# Thinking of moving to spain



## steve1910 (Apr 10, 2021)

Hi All

Quick and stupid question, thinking of moving to Spain and Im seeing lots of property's with empty swimming pools
My question is how do you fill them just via a hose from the mains or do you fill them other ways????
Here in the UK I'm on a water meter and it looks like its and expensive way to fill it

Cheers
Steve


----------



## xabiaxica (Jun 23, 2009)

steve1910 said:


> Hi All
> 
> Quick and stupid question, thinking of moving to Spain and Im seeing lots of property's with empty swimming pools
> My question is how do you fill them just via a hose from the mains or do you fill them other ways????
> ...


It depends where you live. 

In my town if you speak to the water company they will advise you as to how to fill from the tap spread over two billing periods - literally over the cut off day & that works out to cost less than any other way - even if you just turn the tap on & fill the pool at any random time it still isn't that expensive. All water is metred.

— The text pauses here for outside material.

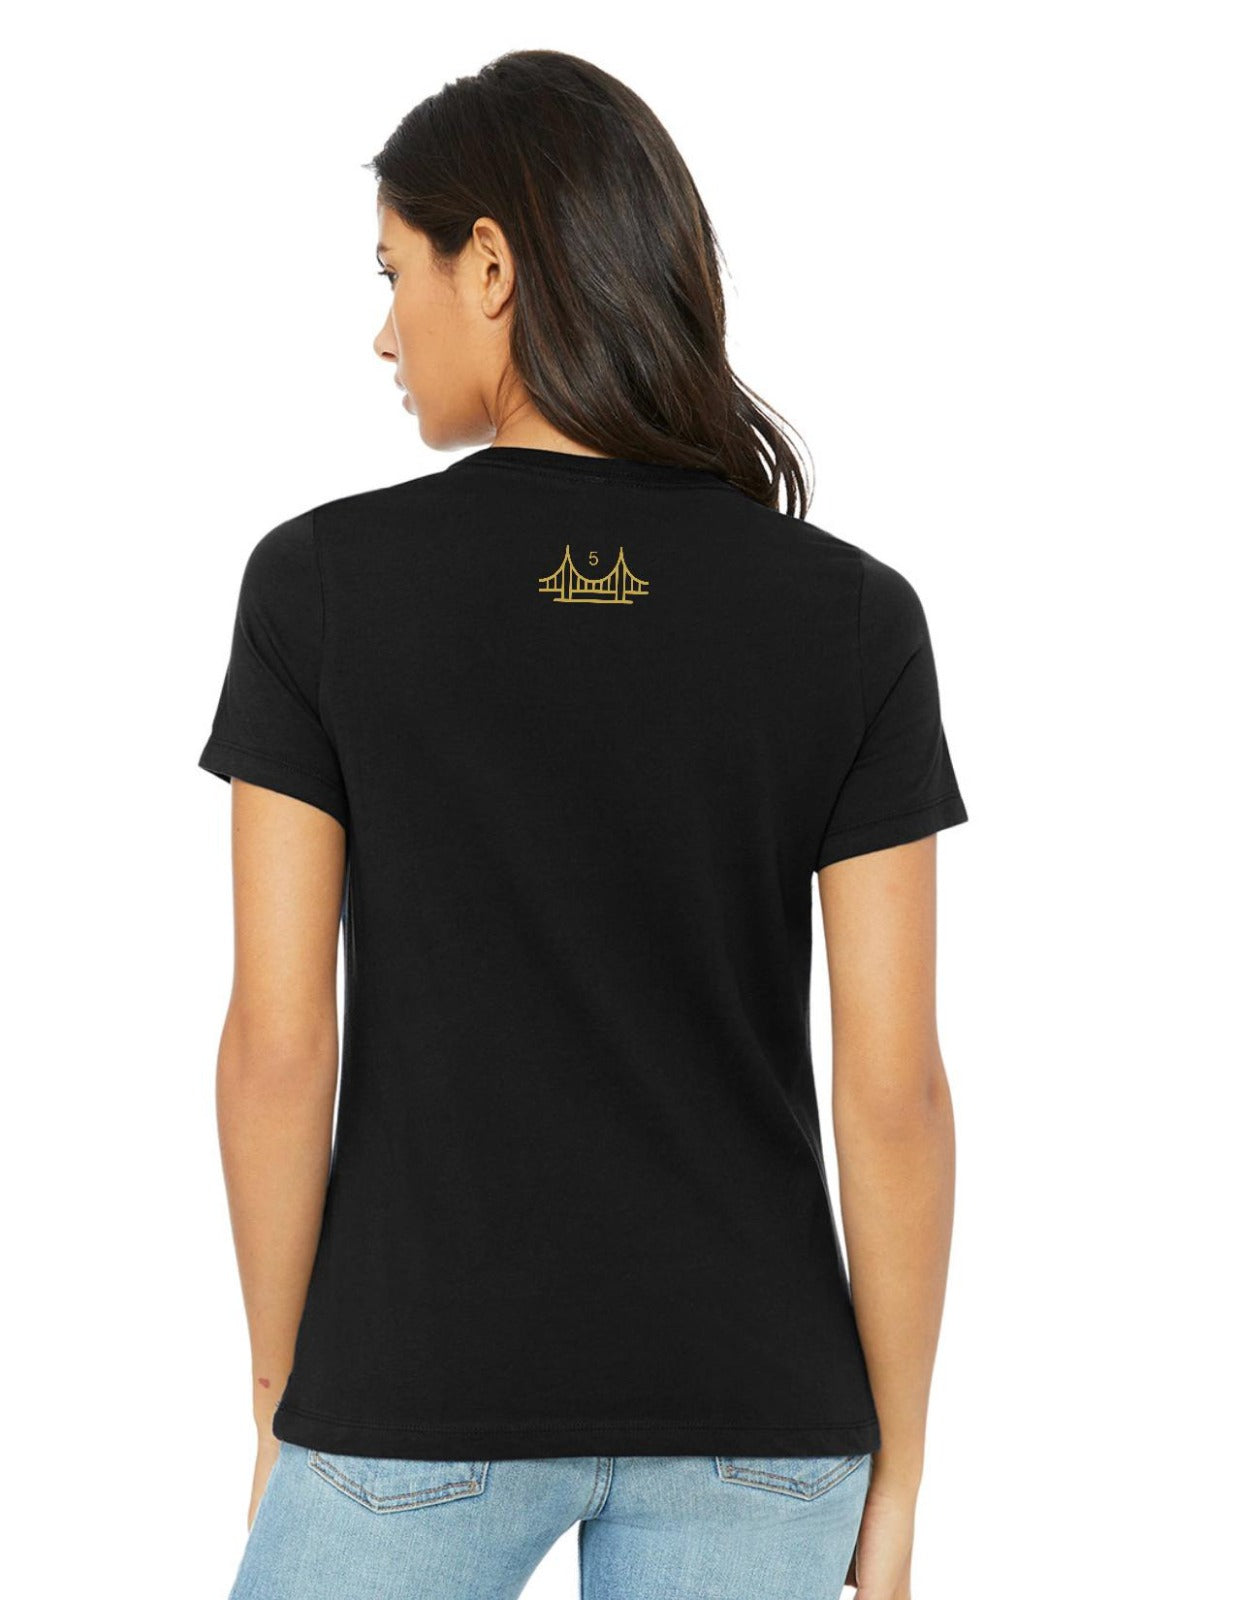 100 SAS C17 - Limited Edition - BLACK & GOLD T-shirt - PREORDER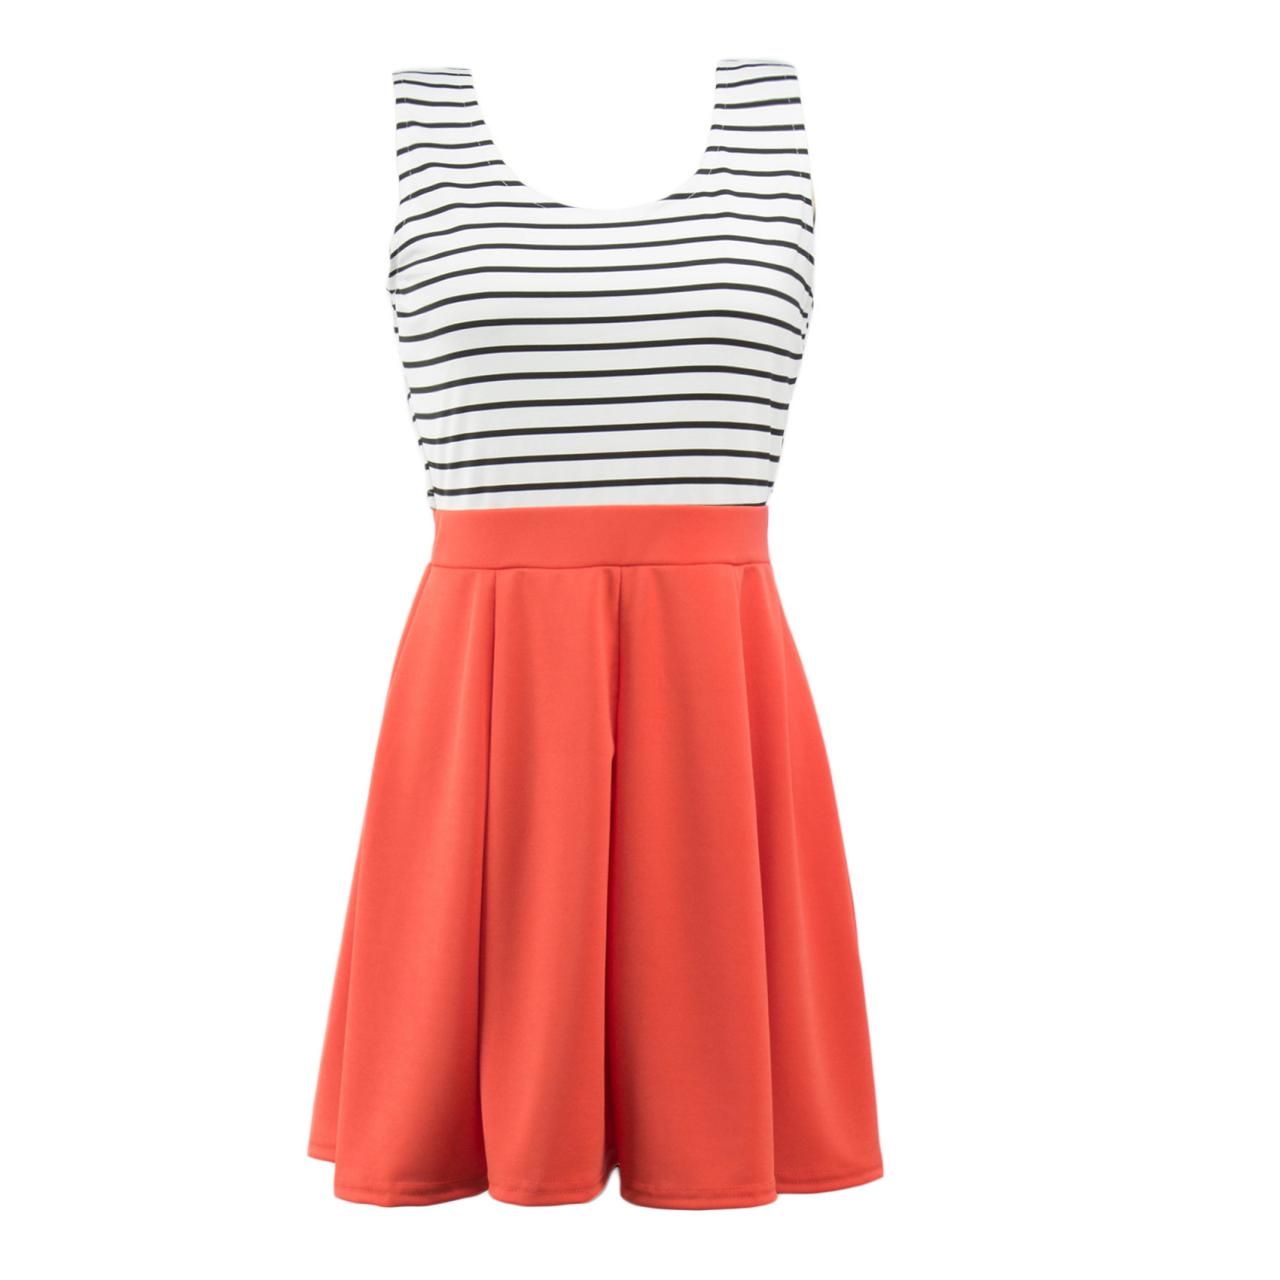 Fashion Sleeveless Stripe Print Dress - Orange

In other areas it isn't permitted to fill a pool from the tap & you have to have ot delivered by a tanker.


----------



## steve1910 (Apr 10, 2021)

xabiaxica said:


> It depends where you live.
> 
> In my town if you speak to the water company they will advise you as to how to fill from the tap spread over two billing periods - literally over the cut off day & that works out to cost less than any other way - even if you just turn the tap on & fill the pool at any random time it still isn't that expensive. All water is metred.
> 
> In other areas it isn't permitted to fill a pool from the tap & you have to have ot delivered by a tanker.


Thanks for the update* xabiaxica*


----------



## xicoalc (Apr 20, 2010)

With the amount of rain we've had in the last week, you may find that those empty pools are full now. So a good time to move and save money!!!


----------